A lot of the scuttlebutt around the industry over the last couple of weeks has been about transparency and fiscal responsibility. Take for instance, the NCUA’s announcement that it’s cutting back on spending for its examiner education conference in Florida.
Advances in technology have created invaluable savings to provide educational opportunities across all businesses. At the same time, it’s also made education and business less personal. I can’t think of a single company or government agency that isn’t in the people business.
Dealing with other people is exactly what examiners do for a living, so the NCUA bringing them all together in one place is a good thing. When examiners can gather face-to-face to discuss issues they’re having or trends they’re seeing–even if it’s over free donuts or beers–is a good thing for them and for credit unions. It’s not as if the NCUA is bringing everyone to St. Kitts or on an Alaskan cruise as some credit unions regularly participate in.
In fact, credit unions should be excited that the agency is at least trying to address some of the issues that have boiled over during the last few years of financial crisis. Examiners have had extra workloads, taken intense and enormous scrutiny and public criticism for a variety of things, most of them they have no control over. A few credit unions fail for problems that were obvious, so all the examiners get painted with a broad brush. It’s enough to make anyone a bit cranky and defensive when they enter a credit union, not to mention the pressure they must be getting from above stemming from the economic problems and rush of new laws and regulations.
Likewise, credit union executives are experiencing their own problems with compliance burdens, loss of earnings on spread and net worth pressures. Combine both stressed out parties and you’ve mixed a Molotov cocktail. The natural tension between regulator and regulated snaps.
The cliché that a few bad apples spoils the bunch comes to mind. Along that vein, it also brings to the forefront recent reports on credit union CEO compensation that have drawn attention to themselves. Specifically, we reported recently on the retirement compensation of David Maus at PSECU and Grace Mayo’s income as she left Telesis, which have stirred up a hornet’s nest. Maus’ pay made news for the shear dollar amount, but Mayo’s came during a time of very poor financial performance at her credit union.
I am all for individuals making what they feel they deserve, and assuming Maus lives beyond another 10 years, his retirement package will be considerably less than his base compensation. However, I’m also in favor of ensuring the board of directors educates itself regarding best practices in relevant executive compensation packages as well as not rewarding employees for screwing up royally.
Pay for performance is becoming more common among credit unions, which can be positive if it is in line with the credit unions’ strategic goals. The leaders you want to hire are those that want to a good job that they are rewarded for, not those that chase the reward.

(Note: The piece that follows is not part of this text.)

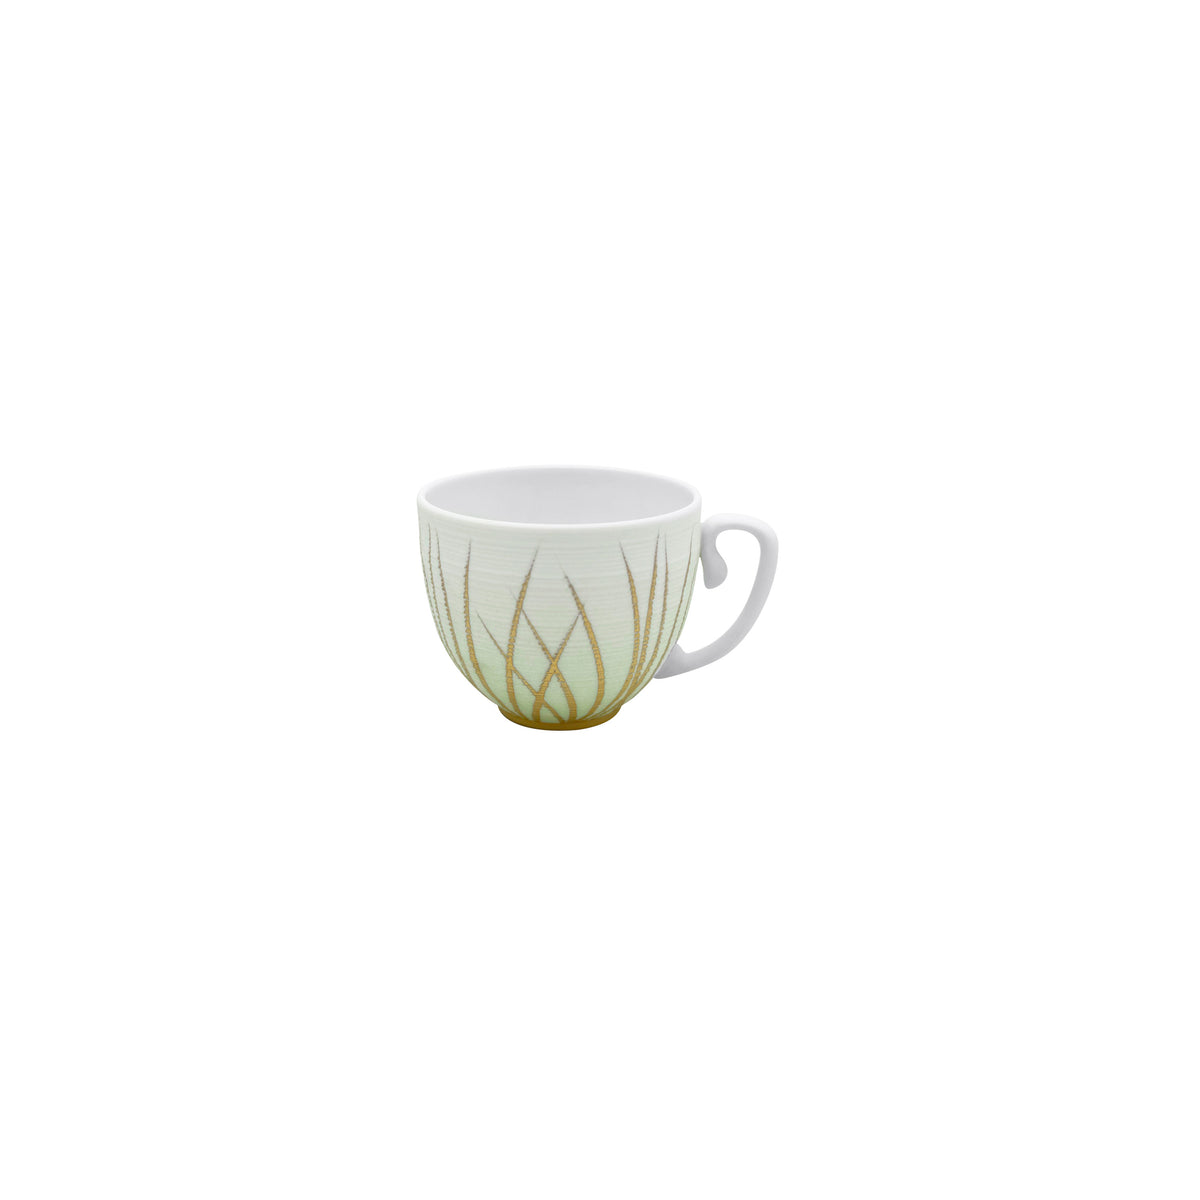 HEMISPHERE Tundra Spring - Coffee set (cup & saucer)

One CEO told me last week the tax exemption should go back to the members, not to the CEO. That is true in part, but hiring the right talent to create the best possible returns to the members carries a value, too.
Currently only state-chartered credit unions are required to file a Form 990 with the IRS, which publicly discloses executive compensation packages among other things. Federal credit unions should be required to publicly disclose executive compensation information. Yes, some executives will be embarrassed releasing how little or how much they make. Certainly some credit unions aren’t paying their top staff enough by today’s financial industry standards.
Credit union executives are the unfortunate position of filling positions that started out as nonprofessionals. A teachers’ organization would start a credit union and one of the teachers would manage it. Some board members may have been around 40 years ago when that happened. The modern-day credit union is much more sophisticated–particularly so in the last 10 years–and so should their executive compensation packages be.
At the same time, federal credit unions are not-for-profits and should have to disclose executive compensation packages. The NCUA and other financial institution regulators have a proposal out under Dodd-Frank to disclose executive compensation to the respective agencies. While I disagree with the NCUA proposing a lower threshold than the other agencies, transparency is the way the world is moving. Besides credit unions make hay every year over what NCUA executives are paid.